Her most recent publicity moment, however, doesn't have the same wholesome feeling Stewart brings to the table. In an interview with Footwear News, the DIY-queen had some choice words about Americans who want to continue working from home after covid-19 lockdown shut down offices.

“You can’t possibly get everything done working three days a week in the office and two days remotely," the cozy-home guru said. "Look at the success of France with their stupid … you know, off for August, blah blah blah. That’s not a very thriving country. Should America go down the drain because people don’t want to go back to work?”

Well, that's certainly a viewpoint. A lot to unpack there. Many online were confused--after all, didn't Stewart basically make her career by "working from home?"

Sitting down with The Today Show, Stewart elaborated on her controversial stance. It seems she's confusing "work from home" with a three-day workweek. 

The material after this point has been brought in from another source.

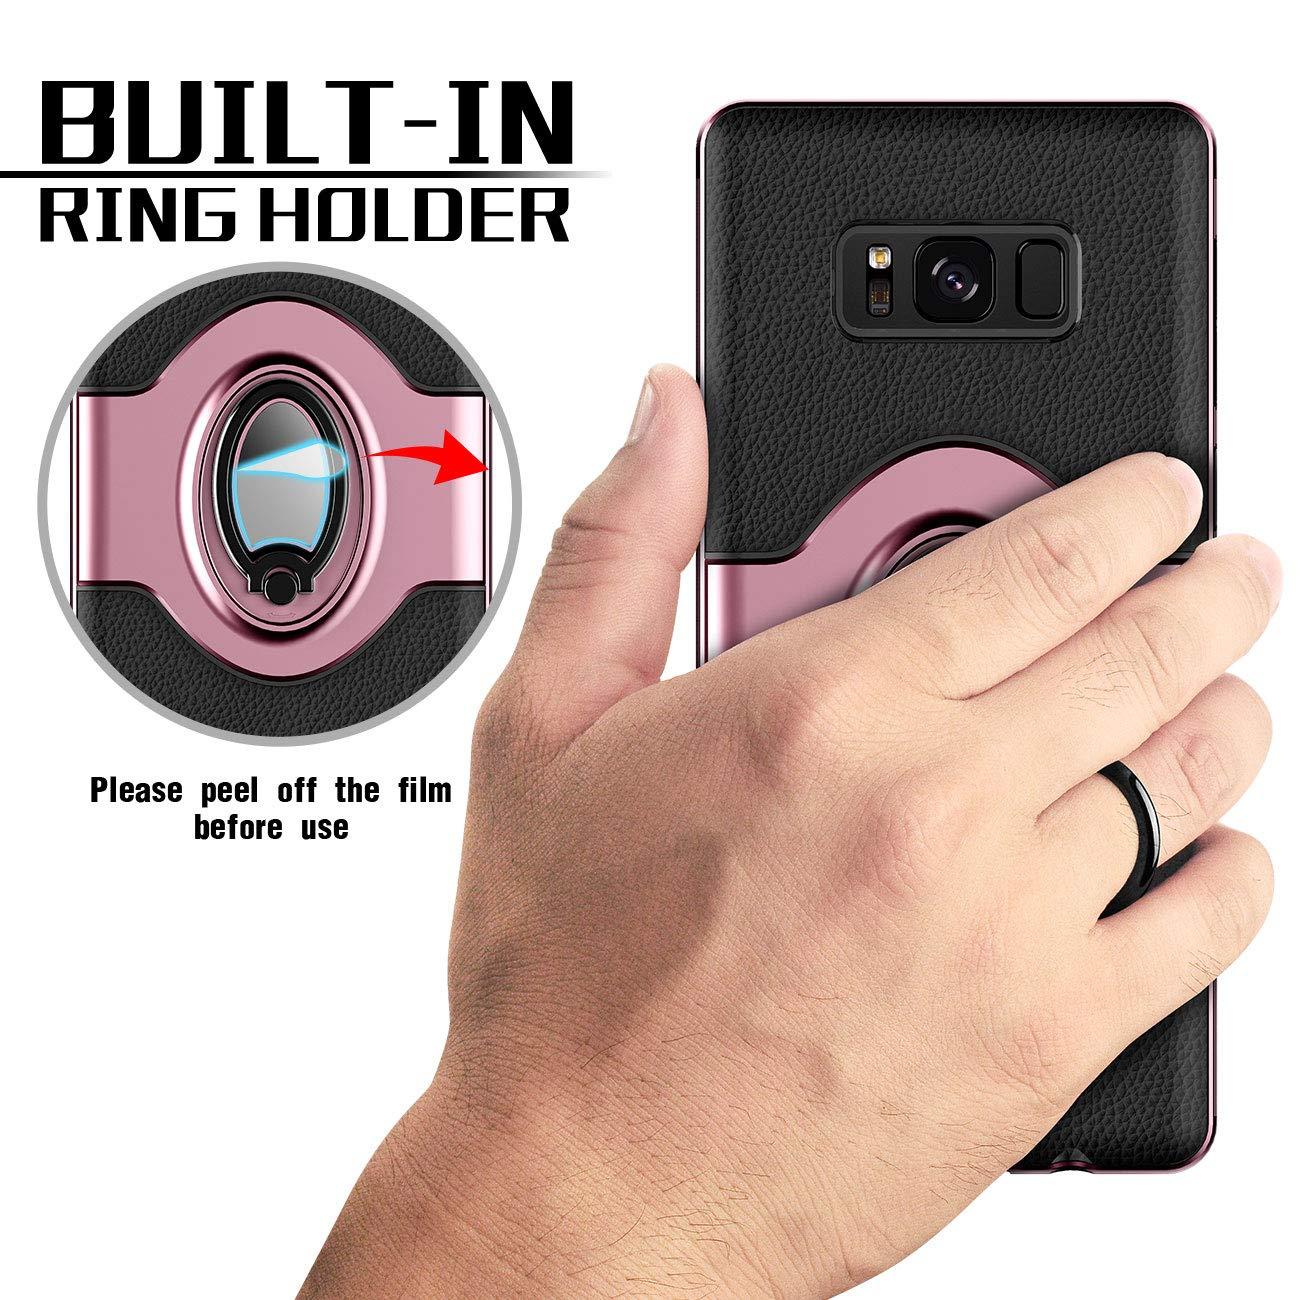 emobilepress 044S8P Dashboard Magnetic Phone Car Mount Navy Blue Samsung Galaxy S8 Plus Case eSamcore Ring Holder Kickstand Cases
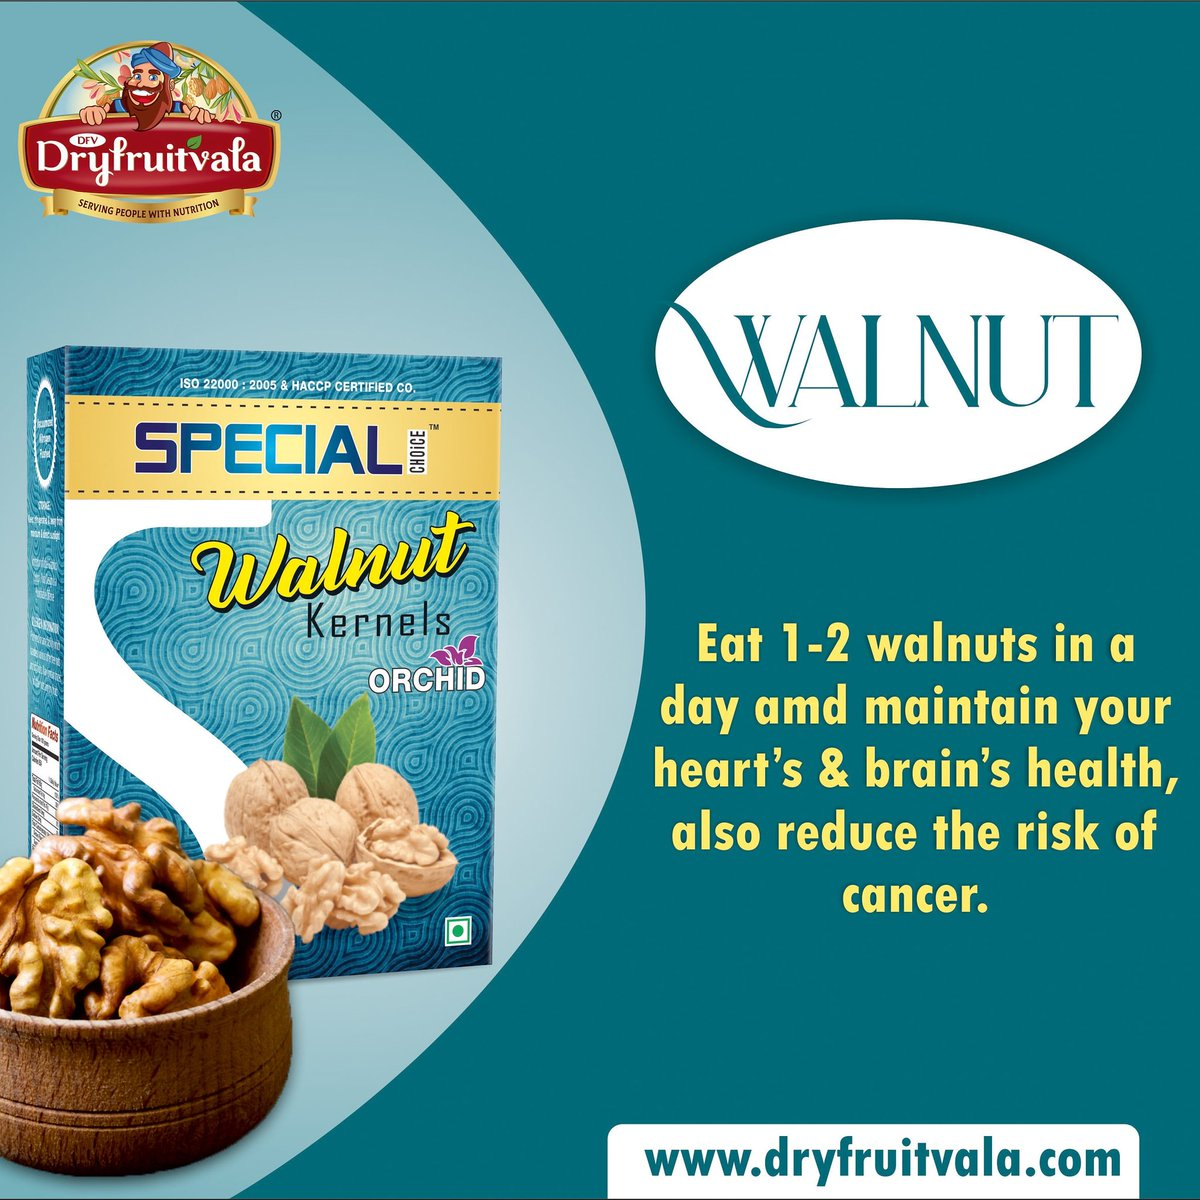 Have some walnuts today. Visit~ . . . . . #dryfruit #almond #cashews #chura #dates #khajoor #pistachio #pista #walnuts #Anjeer #dryfruits #dryfruitsandnuts #almonds #cashew #diwali #sale #gifts #dryfruits #love #picoftheday  #pic

"I'm having this argument with so many people these days. It's just that my kind of work is very creative and is very collaborative. And I cannot really stomach another zoom. [...But] I hate going to an office, it's empty. During COVID I took every precaution. We [...] set up an office at [...] my home[...] Now we're our offices and our three day work week, I just don't agree with it," Stewart tells viewers. 

"It's frightening because if you read the economic news and look at what's happening everywhere in the world, a three-day workweek doesn't get the work done, doesn't get the productivity up. It doesn't help with the economy and I think that's very important."